Exercise requirements -
Reproduce the data exactly and drop any pictures it holds.

Material provided -

==========

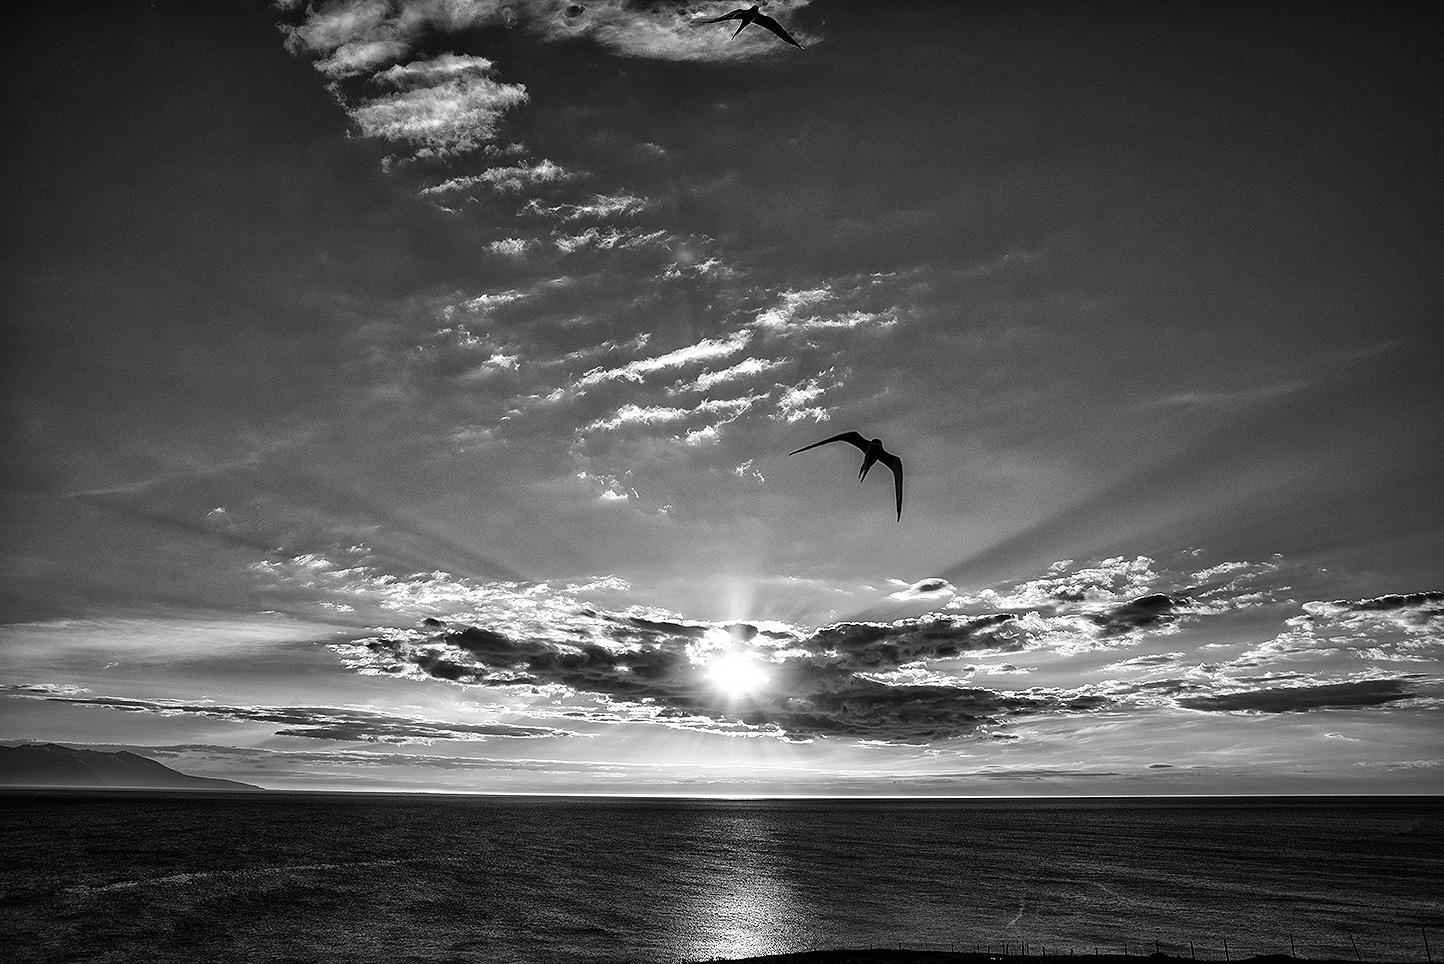 tramonto-sterna-artica-web
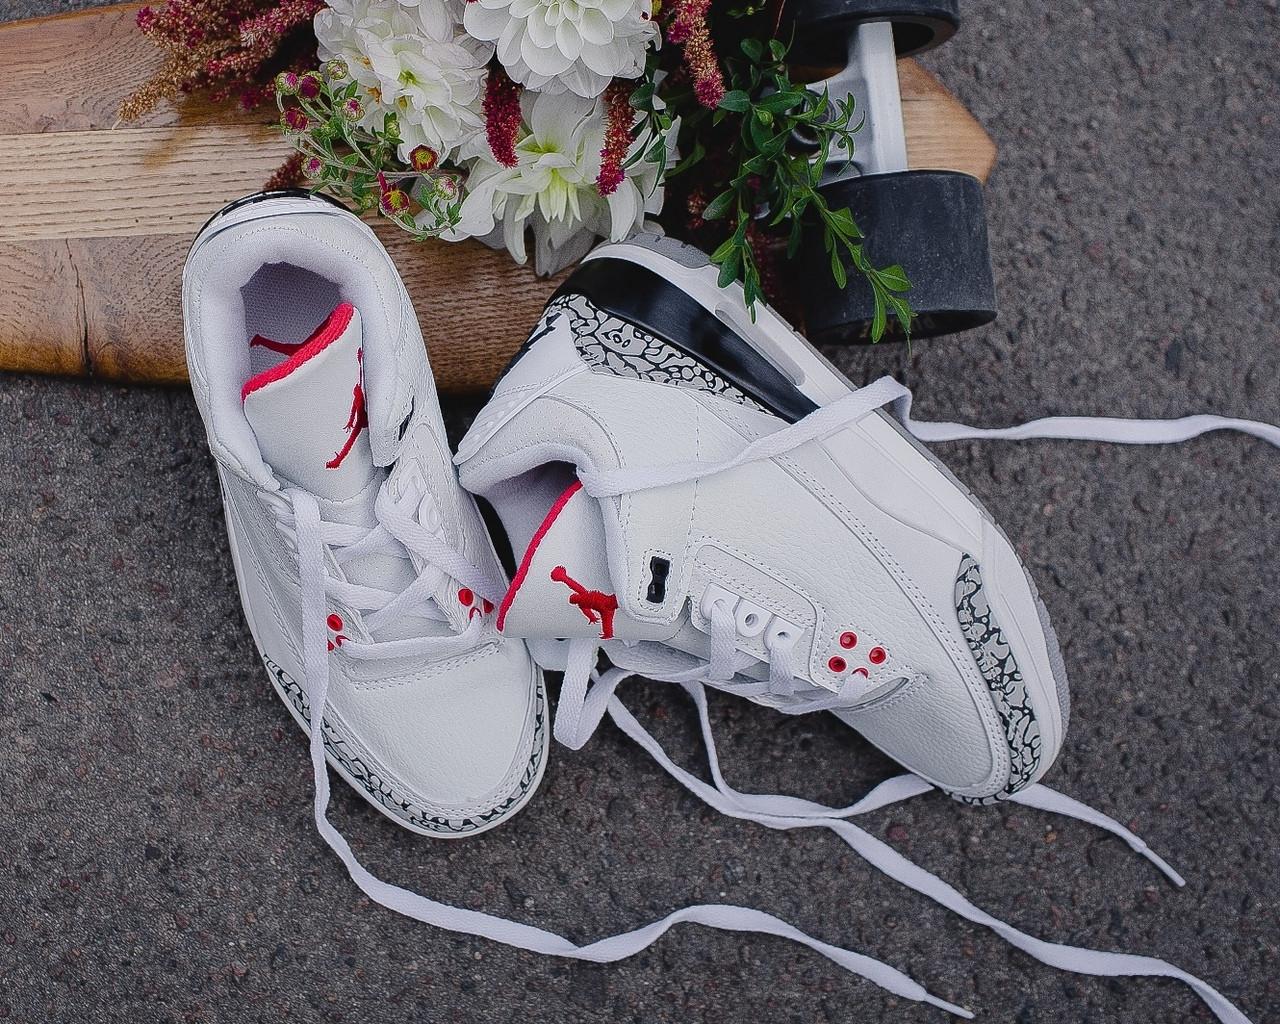 565483efc979 NIke Air Jordan 4 Retro White Cement   женские кроссовки  белые  кожаные
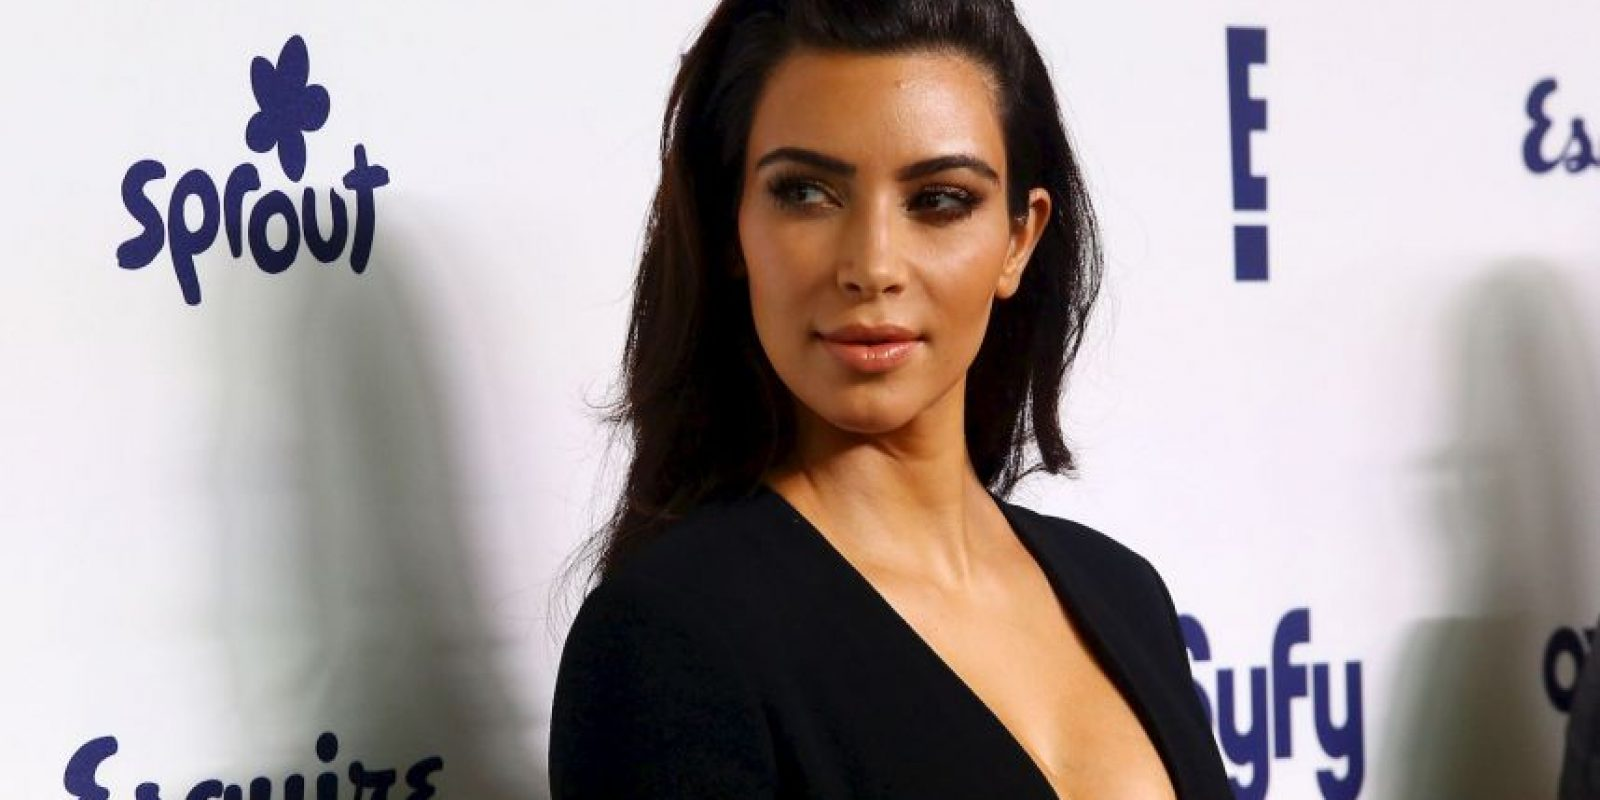 Su verdadero nombre es Kimberly Noel Kardashian Foto:Getty Images
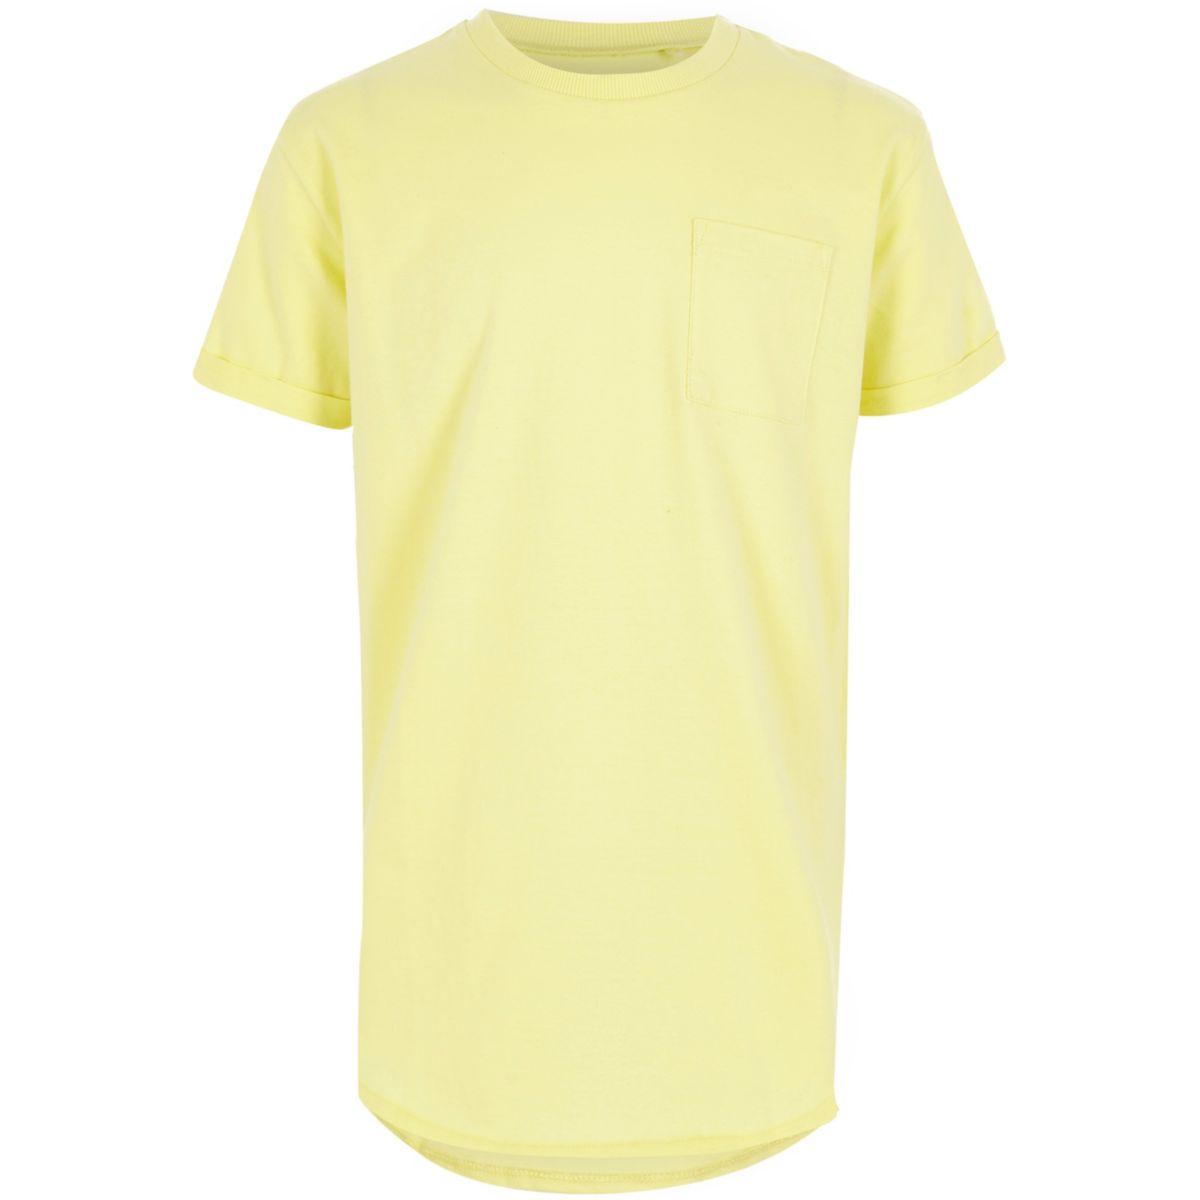 T-shirt jaune clair long pour garçon

==========

Output of the exercise -
 tramonto-sterna-artica-web
 565483efc979 NIke Air Jordan 4 Retro White Cement   женские кроссовки  белые  кожаные
 Su verdadero nombre es Kimberly Noel Kardashian Foto:Getty Images
 T-shirt jaune clair long pour garçon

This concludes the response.